Second, we evaluate the relationships between the observed variation of confirmed cases \(\Delta CCs\) at each state (Supplementary Information, Fig. S3) with respect to three indices: the total intensity of in-shifts and out-shifts (\(log_{10}\)(Shifts)), intensity of out-shifts (\(log_{10}\)(Out-Shifts)) and intensity of in-shifts (\(log_{10}\)(In-Shifts)). In Fig. 2B, we observe a significant positive correlation between \(log_{10}(\Delta CCs)\) and \(log_{10}\)(Shifts) (Pearson: \(R=0.86\), \(p\approx 0\)). The reported slope of ordinary least squares (OLS) is 0.851, meaning that \(\Delta CCs\) increase at a sublinear rate with shift intensities. As shown in Supplementary Information, Figs. S8A and S8B, we also notice significant positive correlations between \(log_{10}(\Delta CCs)\) and \(log_{10}\)(Out-Shifts) (Pearson: \(R=0.68\), \(p\approx 0\)), \(log_{10}(\Delta CCs)\) and \(log_{10}\)(In-Shifts) (Pearson: \(R=0.42\), \(p\approx 0\)). Furthermore, we consider cross-phase relationships between states’ daily shifts in a previous phase and their daily \(\Delta CCs\) in the following phase as shown in Supplementary Information, Fig. S8C. Again, we notice a significant positive correlation (Pearson: \(R=0.72\), \(p\approx 0\); Spearman: \(R=0.75\), \(p\approx 0\)), showing that we could use the inferred spatial shifts from historical snapshots to predict outbreaks in the future. These strong relationships between pandemic shifts and the new confirmed cases contextualize existing explanations in28, where population flows were used to predict COVID-19 distributions in Wuhan, China. Our findings imply that for a pair of two states with significant population flows in the previous period, the corresponding pandemic shift can be strong, which would lead to a higher possibility of outbreak in the near future.

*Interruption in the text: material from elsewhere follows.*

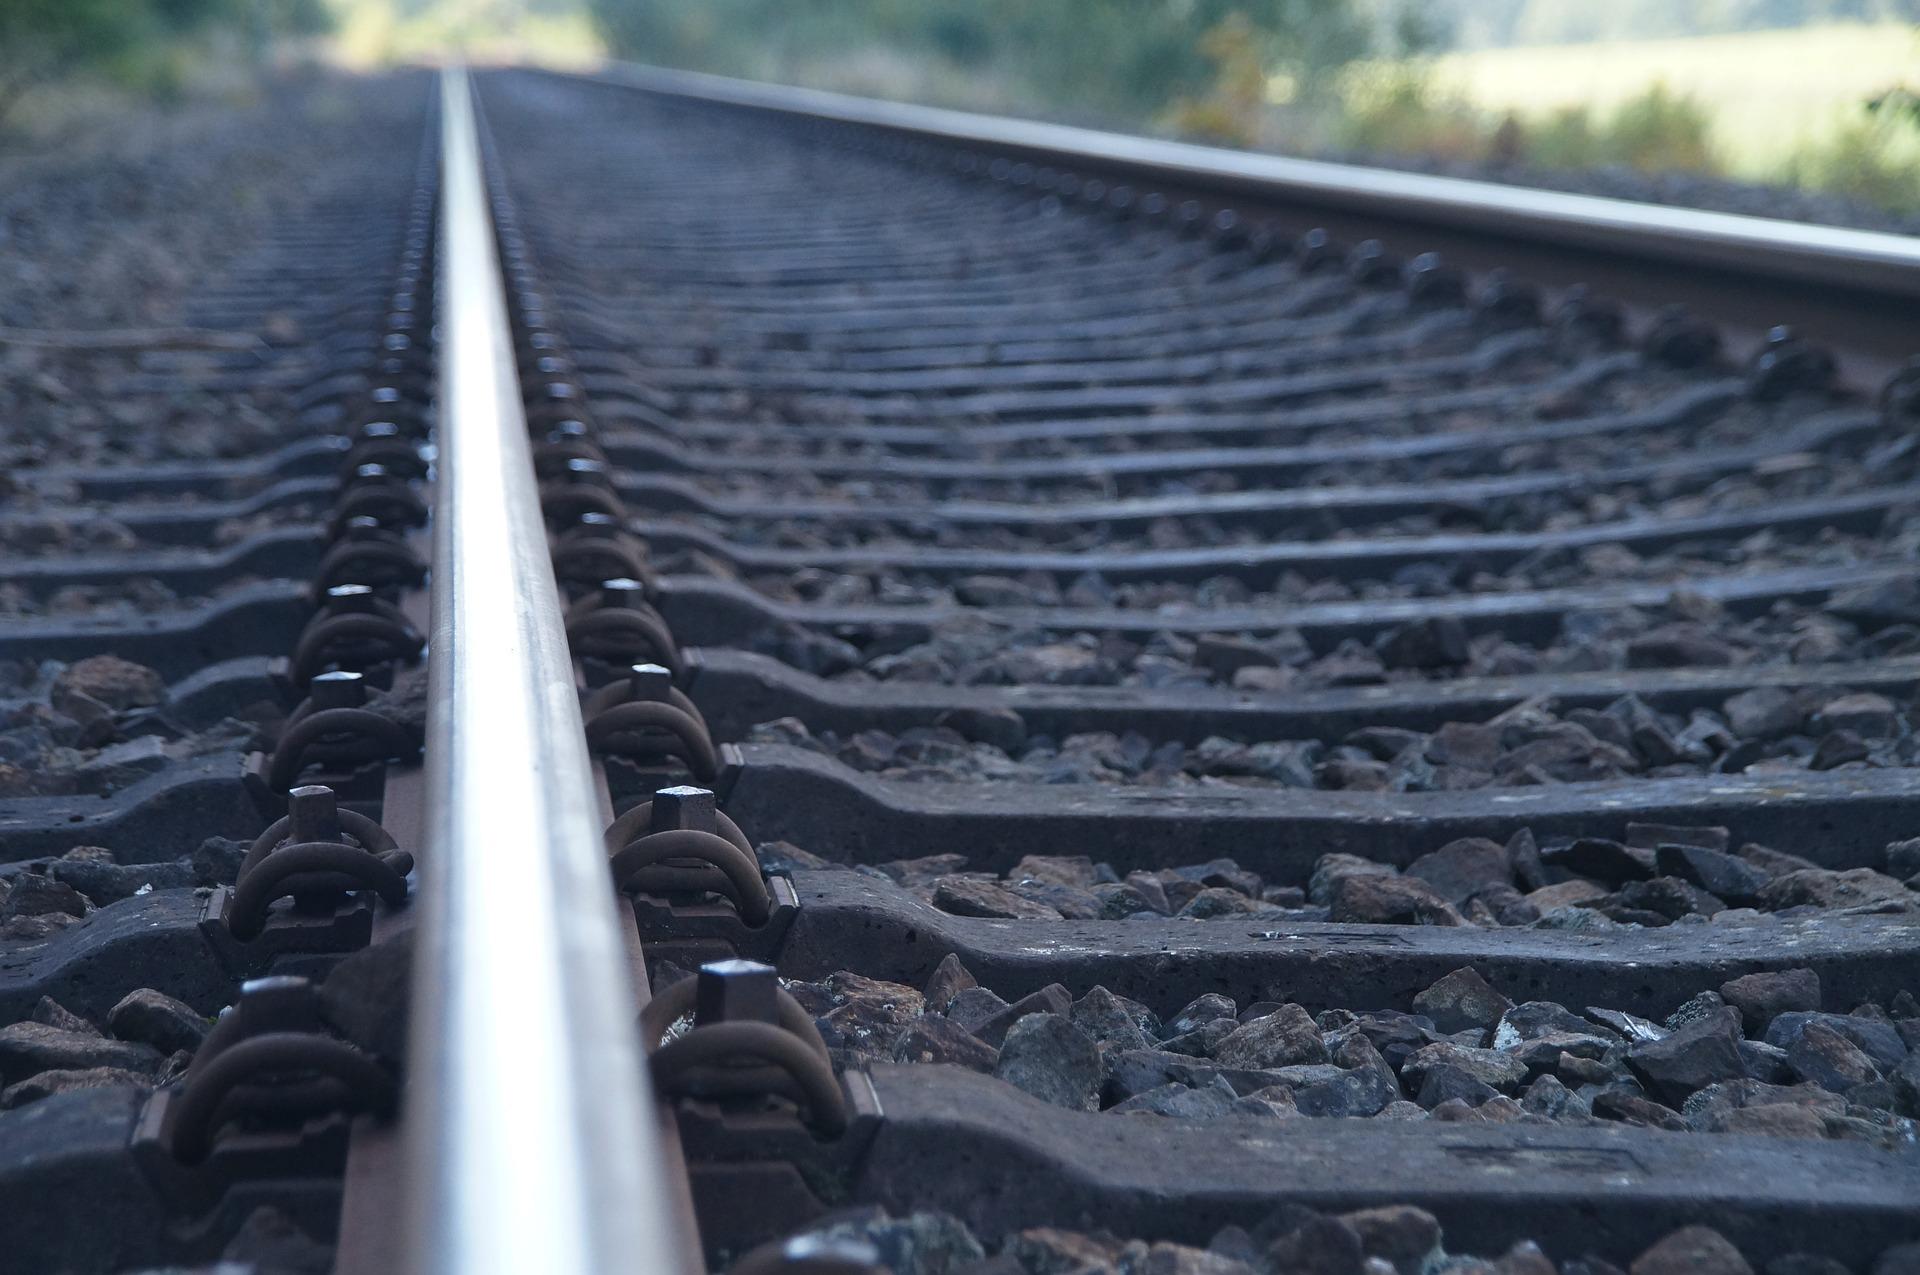 Wykolejony pociąg w Turcji. Zakończyła się akcja ratunkowa. Nie żyją 24 osoby

As a third metric, we introduce the daily cost of shifts \(S_{cost}(ij)=x^{*}_{ij}*c_{ij}\) as a hybrid indicator to measure the severity and complexity of the pandemic with respect to how strong the shifts are (\(x^{*}_{ij}\)) and how difficult it is for the shifts to occur (\(c_{ij}\)). In Fig. 2C, we show a box plot of all \(x^{*}_{ij}*c_{ij}\) in different phases, the scatter points are adjusted so that they do not overlap. The sums of \(S_{cost}\) are: 86.88 (P1), 15057.56 (P2), 21326.40 (P3), 29385.62 (P4), 77123.01 (P5) and 60393.67 (P6). The medians \(\bar{S}_{cost}\) are: 1.17 (P1), 117.0 (P2), 335.47 (P3), 339.65 (P4), 857.95 (P5) and 773.87 (P6). The standard deviations \(\sigma (S_{cost})\) are: 2.63 (P1), 672.53 (P2), 606.49 (P3), 833.19 (P4), 2135.68 (P5), 1536.03 (P6). It is immediately clear that P5 is when the pandemic becomes out of control compared to the other phases. The sums and medians of \({S}_{cost}\) in P5 rise higher than P4, indicating a much more severe situation. At the same time, \(\sigma (S_{cost})\) also reaches its highest value in P5, meaning that the spatial shifts during P5 are more complex, with higher diversity in shift intensities and costs. After P5, we observe a slight slowdown in P6. These results are important as they point out the fact that despite the overall situation remaining stable in P5 and P6, the national situation became noticeably worse after P4. Here we only analyse the data till Aug. 09, 2020, but given the timely updating of epidemic snapshots, future work could look at the pandemic for a longer term using similar metrics.

Spatial shifts at state and local scales

Apart from looking at national-scale statistical metrics, the approaches developed here can also shed light on local and regional dynamics. Doing so may give insight into how the local pandemic centres are moving, how well state reaction control measures are working, or a better understanding of where potential outbreaks in other high-risk regions may occur.

Figure 3
figure 3

Local spatial shifting patterns indicate the changing situation of a state. (A) Flow maps of local spatial shifts around New York (NY) in P2, P3, P4 and P5. (B) Heat maps of the shift matrix with NY as the origin or destination in the four phases. (C) Temporal scatter plot of the daily in-shift and out-shift intensities. Arrows are used to connect all data points of NY in a temporal sequential order.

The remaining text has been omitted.